Cider Sunday: Reverend Nat's and the Revival of American Cider
"I’m not defining what an American taste is, but an American taste is not English, it is not French. If you’re trying to create a style or a culture, don’t use other existing styles as your reference point. Look at what you have on hand here, and what people here are already used to and accustomed to. No one is accustomed to drinking French and English cider—no one has any idea what English cider is. We can grow bittersweet apples here, we make ciders with bittersweet apples, but do we need to? Who says that’s better, that that’s desirable even? Why go through all the effort? You’ve got great apples here—it’s still called cider."
____--Nat West, Reverend Nat's Hard Cider
I don't usually begin my posts off with quotes--nor do I usually post Cider Saturdays on Sunday. But Nat West, when he's in full preacher mode, can make a person think. About a month ago, I took a spin through his relatively new digs over on a quiet leafy street near Loyd Center (1813 NE 2nd Ave if you want to stop in for a pour). What I mainly left thinking about--and have been steadily thinking about it as I visited local cideries and ones in New Hampshire, Vermont, and Quebec--is this question of American cider.
Unless you're a close watcher of the burgeoning cider market, you're probably unaware of the nearly existential war taking place to define what cider should be. The protagonists in this battle run the gamut from the large industrial cideries who want you to think of cider as a sweet, appely frolic to artisanal producers who think cider should be as dry, complex, and sophisticated as a fine Bordeaux. Tentative new drinkers are caught in the middle, susceptible to the notion that there really is an answer to what cider "should" taste like.
Nat West is the perfect guy to reframe the discussion. There is no cidermaker less dogmatic, less driven by standards and tradition (which makes the use of the name "Reverend" oddly inappropriate). At the same time, Nat is a student of cidermaking--he loaned me an ancient American cider-making book--and produces wholly traditional products like still Kingston Black English-style cider and a lightly-carbonated version made from cider apples harvested around this time of year. When I visited, these were the various products he mentioned as we walked around the cidery (in addition to his more standard offerings):
- A Winter Cider spontaneously fermented with raisins and also made with muscovado sugar and spices. Made in January and never racked, it sits on its lees and goes through a slow, malolactic fermentation.

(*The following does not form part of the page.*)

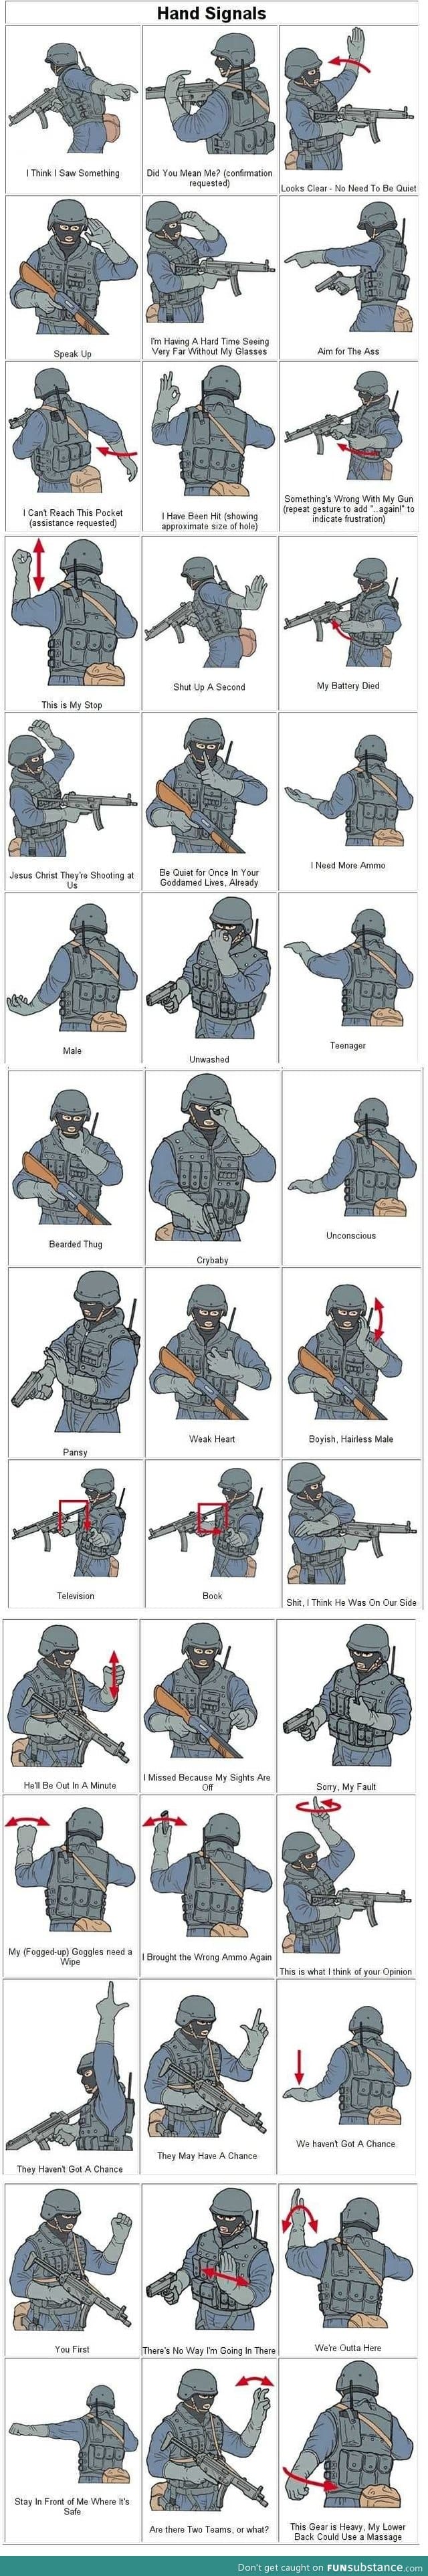 Military sign language

- A cider fermented entirely with lactobacillus.
- Revelation Newtown Pippin, which starts with a wild fermentation and then is finished with wine yeast.
- His Revival Dry, the one made entirely with cider apples from the Skurdahl Orchard in Sherwood.
- A thing called Tepache, which is made by fermenting pulped pineapples and then pressing them (pineapple upside-down cider).
- His new Cascadia brand of "American" cider using standard Yakima apples.
Nat got his start as a home cider-maker, scanning the neighborhood for trees he might access as his annual output grew and grew. At one point he was making 500 gallons of the stuff a year--the equivalent of 32 beer kegs. He still wasn't thinking of doing anything other than supplying friends and family at a weekly potluck until he happened across some cider apples from the Skurdahls. (There are so few orchards with cider apples in Oregon that they're all known to eagle-eyed cidermakers.) With those apples, Nat started to glean the possibility of cider and a new profession.
I found all of this surprising. I've now visited a couple of orchardists, and they are intent on having the apple express itself. Nat likes yeast character to compliment the apple--a zymurgical orientation. “We try to hit a taste; we pick a yeast for a taste and then we baby that yeast to get the most flavors out of it. We’re aiming for esters, and we get more esters out of the hot stuff.” One of the orchardists I spoke to said he actively avoids esters.
It's probably not so surprising that I tend to favor the traditional, English- and French-style stuff--much as I guess most advance-case beer geeks would. Cider apples impart a range of tannins and acids that impart complexity we love in great ales and lagers. On my visit, the one that rocked my world was Lorrie's Gold, a memorial cider for Lorrie Skurdahl; it was nuanced, complex, and satisfying. Before I walked into Reverend Nat's cidery, I would have said it's the one that tasted the way cider should taste. Now I'm not so sure. I know that the abominations made with a splash of juice and fortified with fermented sugar water (Nat called them "glucose wine with some apple juice added") are not what cider should taste like. But ciders fermented with saison yeasts, flavored with apricot juice, and hopped? I don't know: maybe that is how ciders should taste. American ciders, anyway.